* **Required work**: Below are entries; repeat exactly, and nothing else, the lines from the one holding "Image de l'usine" through the one holding "Häusliche Gewalt gegen", inclusive. Leave the pictures out.

* **Task inputs**:
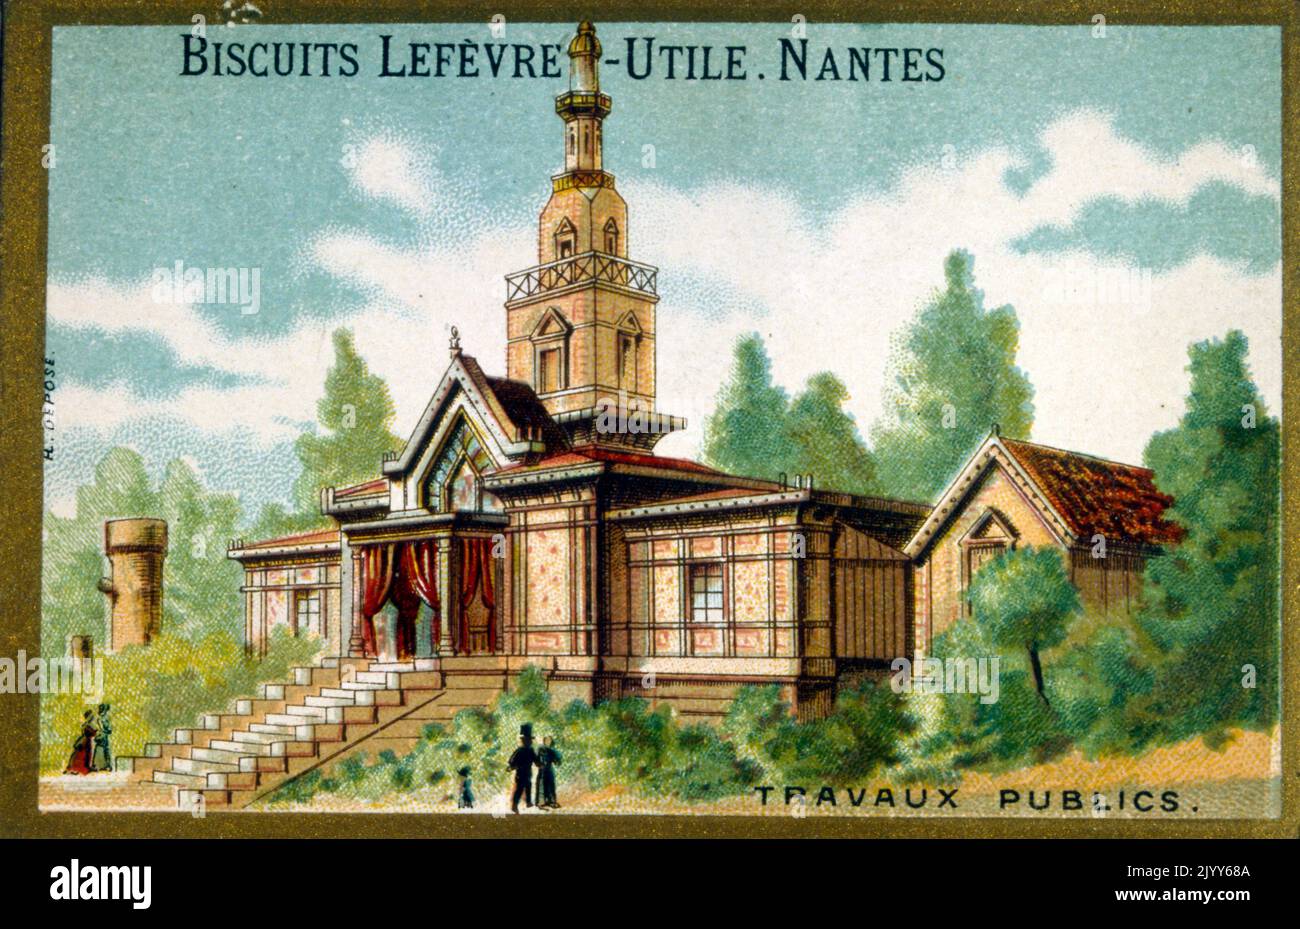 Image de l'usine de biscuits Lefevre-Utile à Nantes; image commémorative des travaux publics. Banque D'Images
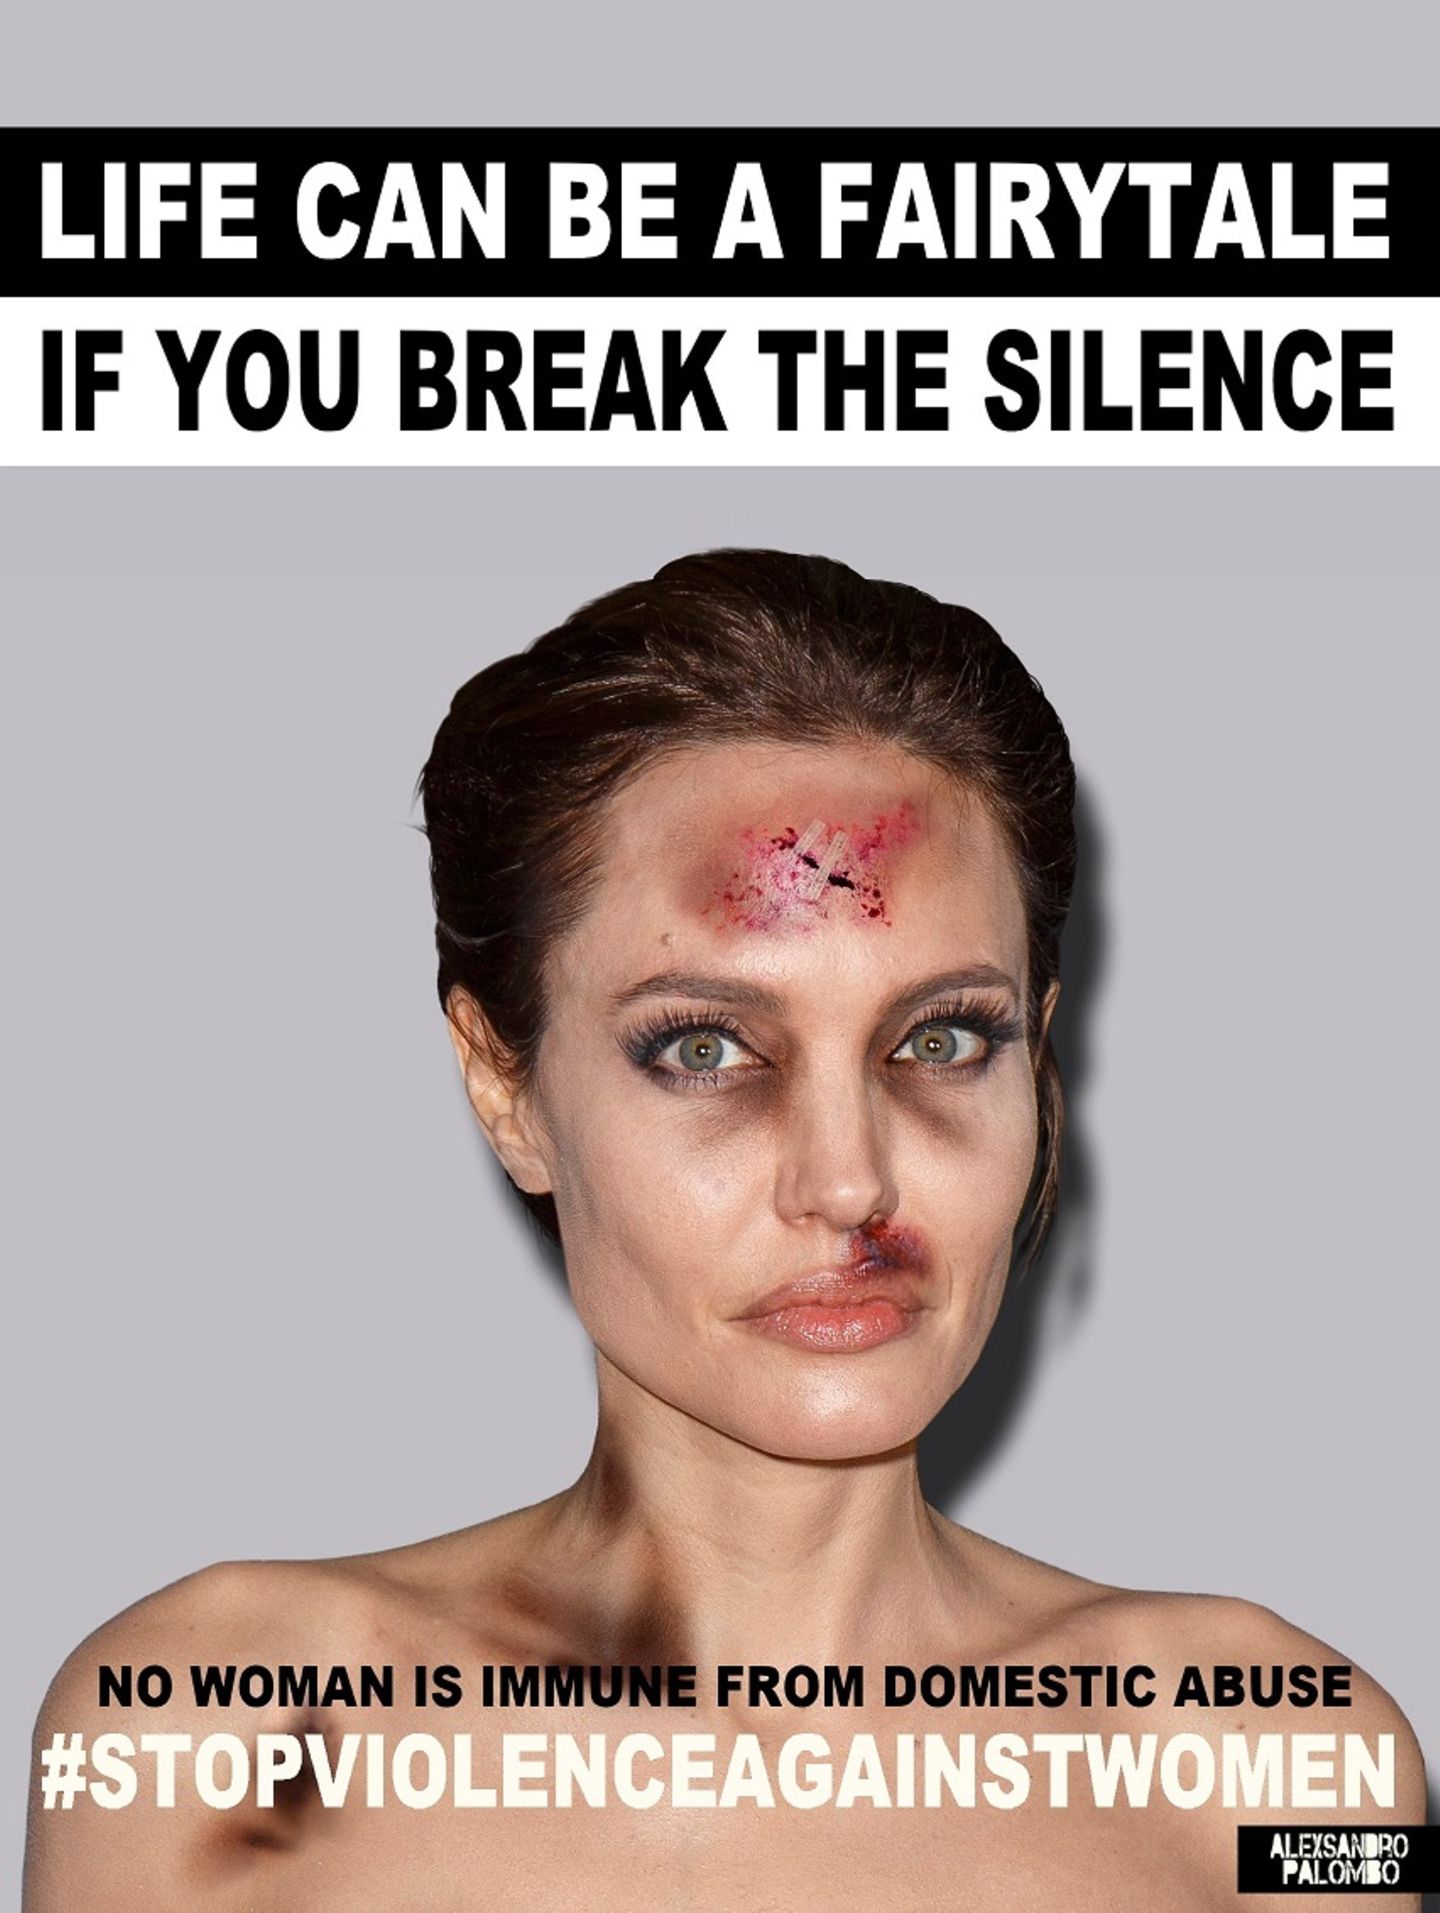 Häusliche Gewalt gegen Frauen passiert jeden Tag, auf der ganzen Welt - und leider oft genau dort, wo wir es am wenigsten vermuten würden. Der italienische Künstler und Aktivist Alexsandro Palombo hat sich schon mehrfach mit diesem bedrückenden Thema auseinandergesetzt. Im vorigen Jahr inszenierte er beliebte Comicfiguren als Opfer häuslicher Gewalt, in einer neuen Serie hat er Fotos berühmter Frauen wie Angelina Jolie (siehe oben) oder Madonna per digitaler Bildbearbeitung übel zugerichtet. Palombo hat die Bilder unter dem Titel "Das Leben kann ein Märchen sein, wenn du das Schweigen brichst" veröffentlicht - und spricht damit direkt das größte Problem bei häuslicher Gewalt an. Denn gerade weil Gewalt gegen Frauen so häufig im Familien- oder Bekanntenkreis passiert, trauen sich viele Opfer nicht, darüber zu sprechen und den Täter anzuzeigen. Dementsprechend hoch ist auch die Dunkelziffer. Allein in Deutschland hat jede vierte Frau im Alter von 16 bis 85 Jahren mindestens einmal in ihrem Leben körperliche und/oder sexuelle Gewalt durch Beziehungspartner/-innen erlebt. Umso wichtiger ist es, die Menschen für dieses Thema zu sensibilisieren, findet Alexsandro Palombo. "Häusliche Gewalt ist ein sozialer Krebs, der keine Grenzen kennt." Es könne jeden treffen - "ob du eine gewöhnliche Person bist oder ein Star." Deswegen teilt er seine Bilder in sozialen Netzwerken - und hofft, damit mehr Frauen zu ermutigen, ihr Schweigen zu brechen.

--

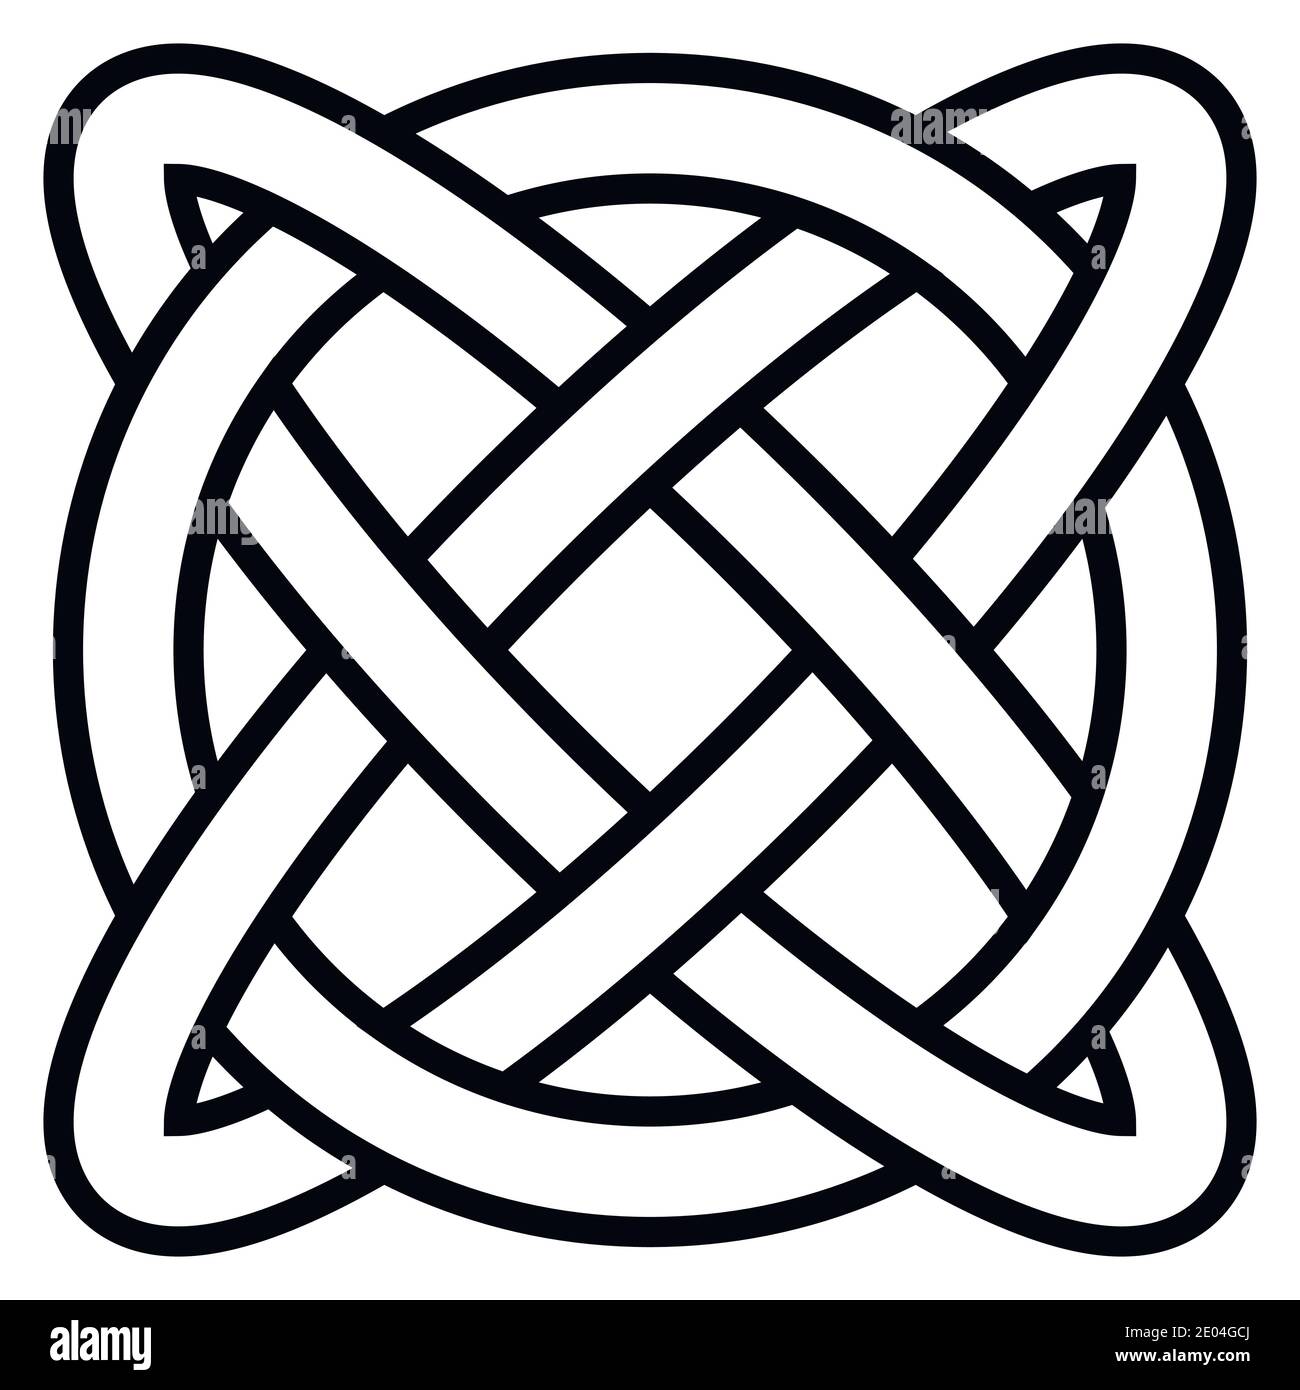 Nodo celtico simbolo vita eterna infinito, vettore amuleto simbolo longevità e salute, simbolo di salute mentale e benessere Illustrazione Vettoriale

* **Output of the exercise**:
 Image de l'usine de biscuits Lefevre-Utile à Nantes; image commémorative des travaux publics. Banque D'Images
 Häusliche Gewalt gegen Frauen passiert jeden Tag, auf der ganzen Welt - und leider oft genau dort, wo wir es am wenigsten vermuten würden. Der italienische Künstler und Aktivist Alexsandro Palombo hat sich schon mehrfach mit diesem bedrückenden Thema auseinandergesetzt. Im vorigen Jahr inszenierte er beliebte Comicfiguren als Opfer häuslicher Gewalt, in einer neuen Serie hat er Fotos berühmter Frauen wie Angelina Jolie (siehe oben) oder Madonna per digitaler Bildbearbeitung übel zugerichtet. Palombo hat die Bilder unter dem Titel "Das Leben kann ein Märchen sein, wenn du das Schweigen brichst" veröffentlicht - und spricht damit direkt das größte Problem bei häuslicher Gewalt an. Denn gerade weil Gewalt gegen Frauen so häufig im Familien- oder Bekanntenkreis passiert, trauen sich viele Opfer nicht, darüber zu sprechen und den Täter anzuzeigen. Dementsprechend hoch ist auch die Dunkelziffer. Allein in Deutschland hat jede vierte Frau im Alter von 16 bis 85 Jahren mindestens einmal in ihrem Leben körperliche und/oder sexuelle Gewalt durch Beziehungspartner/-innen erlebt. Umso wichtiger ist es, die Menschen für dieses Thema zu sensibilisieren, findet Alexsandro Palombo. "Häusliche Gewalt ist ein sozialer Krebs, der keine Grenzen kennt." Es könne jeden treffen - "ob du eine gewöhnliche Person bist oder ein Star." Deswegen teilt er seine Bilder in sozialen Netzwerken - und hofft, damit mehr Frauen zu ermutigen, ihr Schweigen zu brechen.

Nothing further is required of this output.